Those guys that fish in mainland Europe are using tackle for fish that we could only imagine. The world record for the Wels catfish is 250 pounds.

They are using 12 foot rods and Shimano Baitrunner 8000-12000 spinning reels. I have yet to see anybody fishing for those monsters with a baitcaster.

I'd like to see some of those fish over here in a pay lake somewhere in the USA...preferably SW Ohio.

All the best,

Lee Woolery
Speedshot


----------



## rustyfish

Wow that must be nice. My idea of a new combo is taking a reel off the rod that I broke last year and putting it on the rod that had the reel with the missing crank.....brand new now!

I'm buying on of those rod holders because that thing is sweet. Will it tip if you cant get the back leg into the dirt, tight lining the river can pull pretty hard. 

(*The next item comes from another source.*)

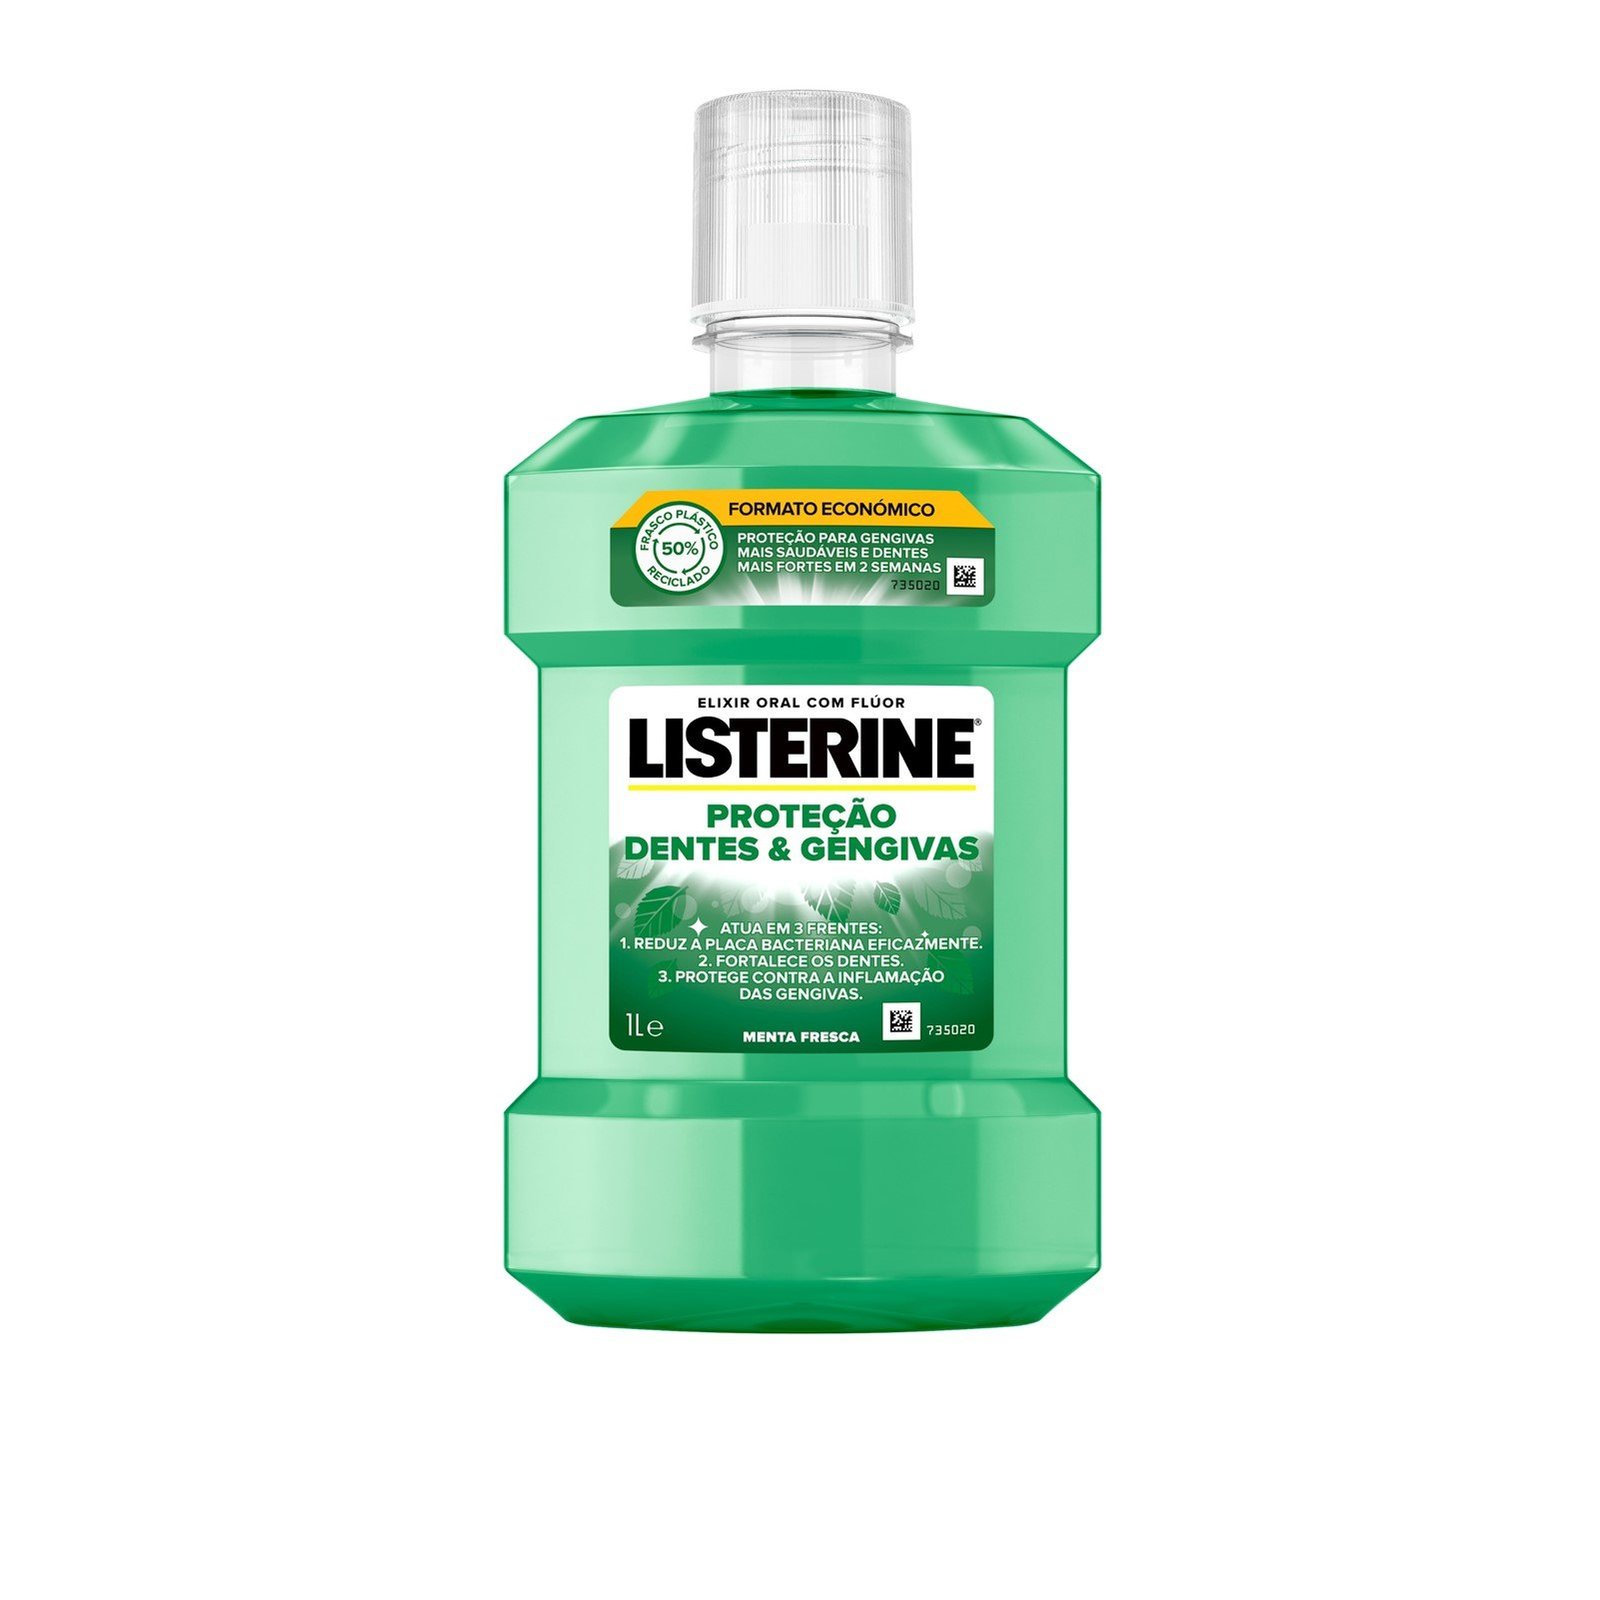 Listerine Teeth And Gum Protection Mouthwash 1L (33.8 fl oz)

The net does look questionable. I'm sure it fine, heck it may be great. It just not what I'm used to seeing.


----------



## LeeWoolery

RustyFish:

Here's a "real-world" view of the rod supports on the shores of a gravel quarry from today.

I bought this unit from Wacker Baits for $85.00. The front sticks are adjustable and there is a whole in the back of the center support for driving in a camping stake. It's a fairly heavy duty unit and is made of steel. I don't think you have to worry about it getting pulled in.

The net you see in the picture is not the one I just bought...I think it will do the trick...if I use it right.



















...and here are some of the alternatives I saw on the banks today:



















In all honesty...I remember back to days when my dad would outfish us all with a Johnson Century, 6 pound test and a fiberglass two piece rod and my brother and I were using fishing gear worth more than the car he was driving. He would use one rod and held his finger on the line and rarely missed a fish.

I don't think I learned a thing from him!

Oh well...somebody has to make the tackle companies rich.

Anyways...I don't drink, smoke, gamble, take drugs or chase women who do...so I deserve to splurge a little.


----------



## rustyfish

Yep it spreads out more than i thought, im buying one. I use 4 small sheppards rods I stole from my moms garden. She got them on sale for like $3 a piece, so I took them and bought her some big ones lol. They work very good but not everywhere.


----------



## LeeWoolery

Rustyfish:

...the front legs go up another foot and you can buy different shapes and sizes of rod supports that fit on top. The whole thing tears down in about 30 seconds and fits in a bag that's about 3 feet long.

I have three or four sets of great rod holders but they are all made for dirt...not for gravel or river banks or rip raps around some lakes.

Good luck,


----------